#### [DATA BELOW]
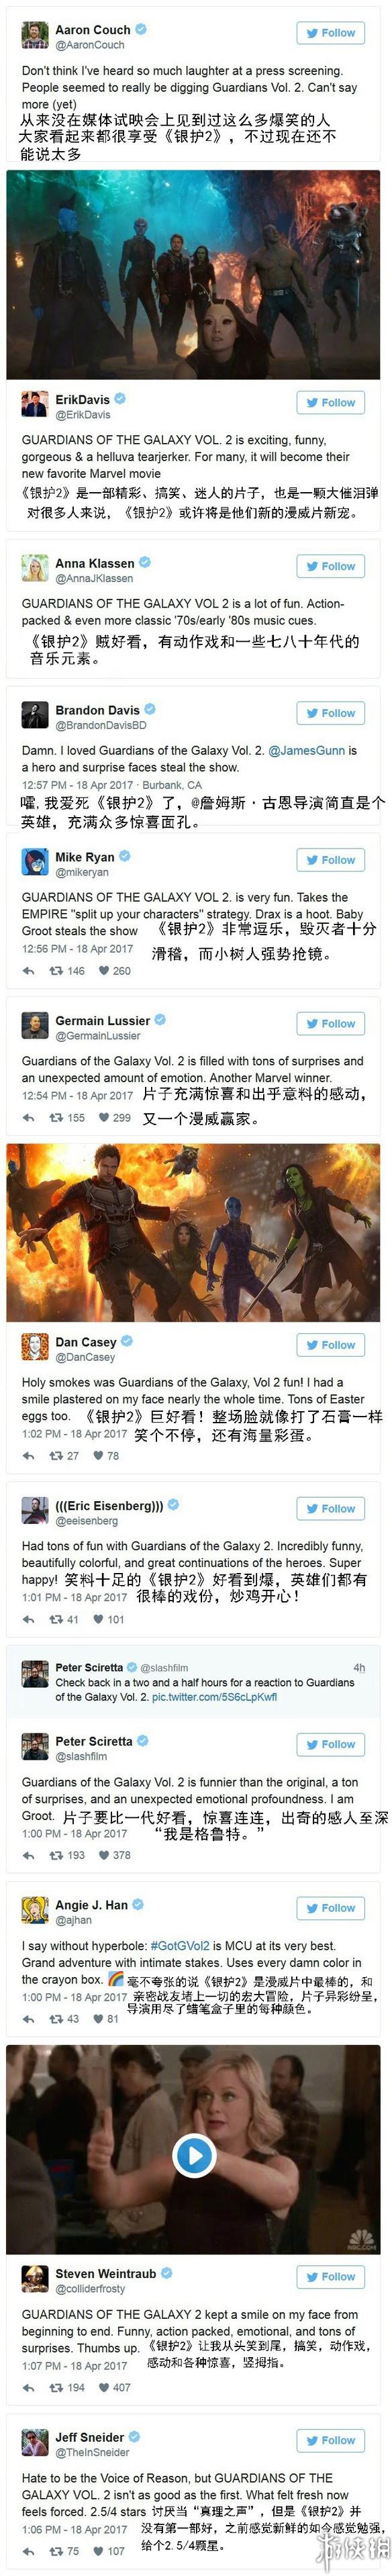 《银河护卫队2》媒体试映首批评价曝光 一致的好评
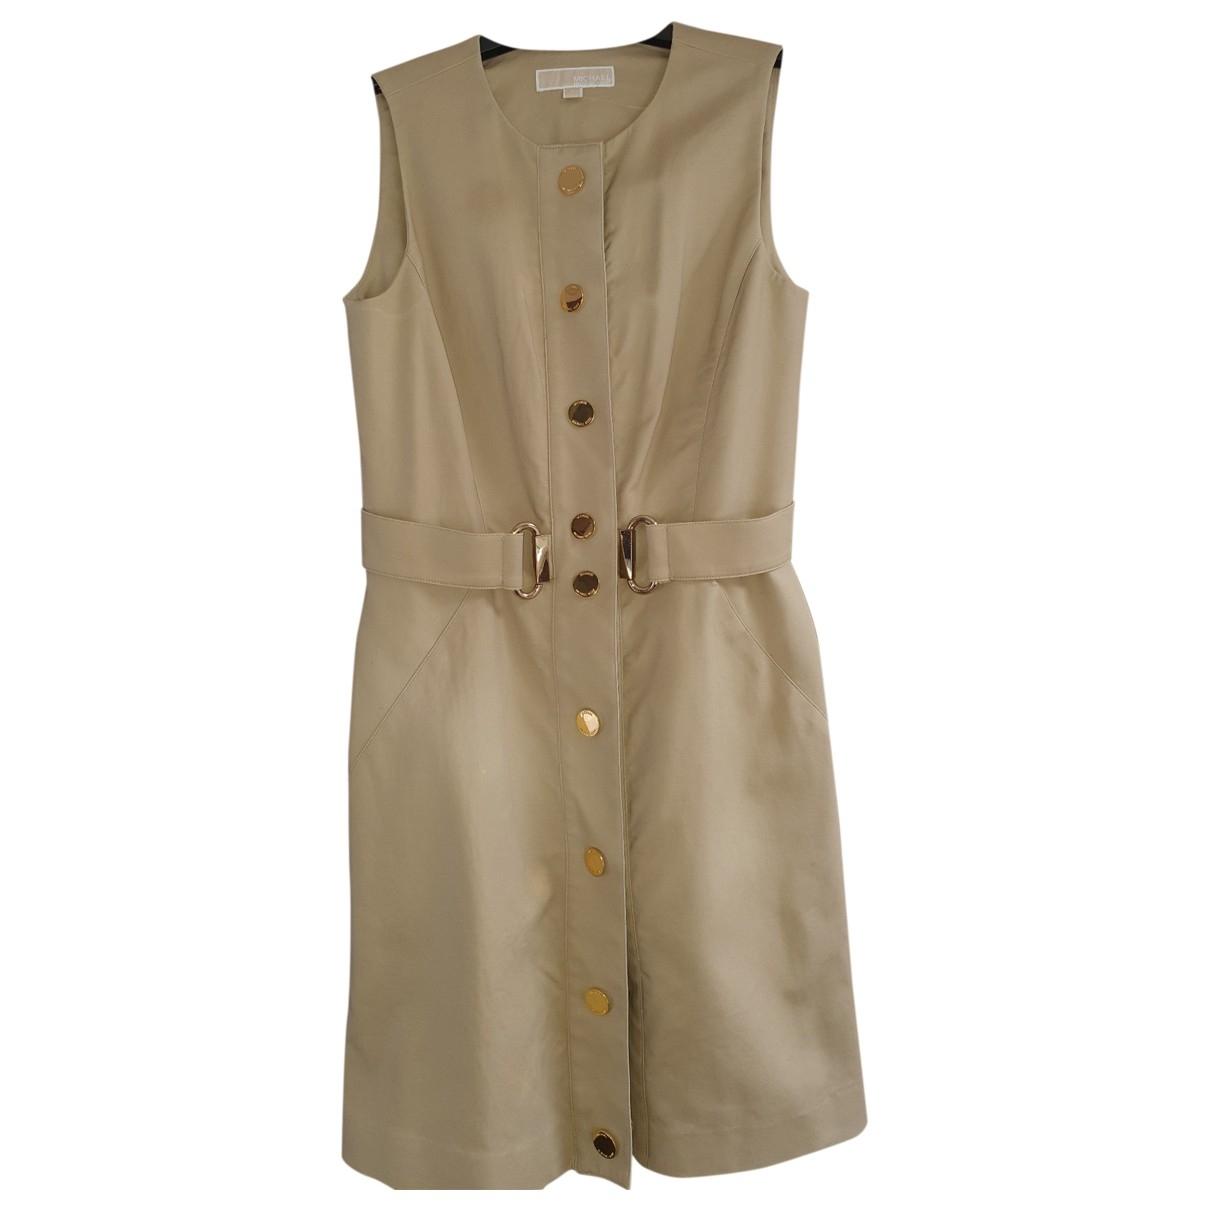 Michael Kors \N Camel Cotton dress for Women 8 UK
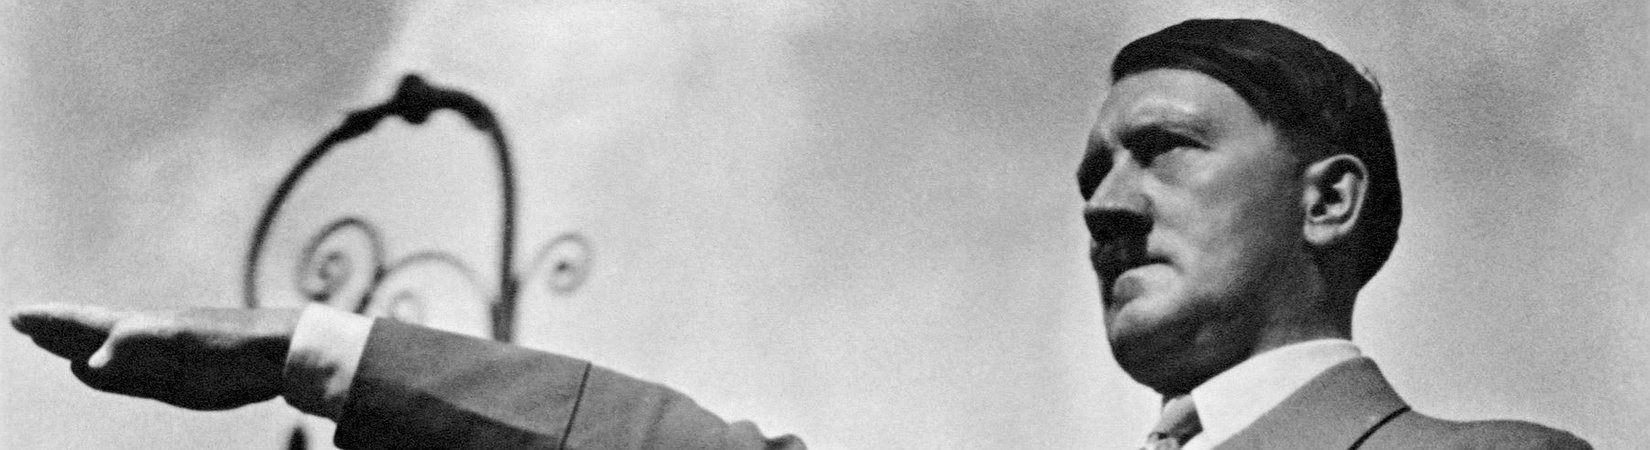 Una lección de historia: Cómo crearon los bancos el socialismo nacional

#### [GOAL OF THE EXERCISE]
Without including any picture, output all the material exactly as it appears.

#### [THE ANSWER]
 《银河护卫队2》媒体试映首批评价曝光 一致的好评
 Michael Kors \N Camel Cotton dress for Women 8 UK
 Una lección de historia: Cómo crearon los bancos el socialismo nacional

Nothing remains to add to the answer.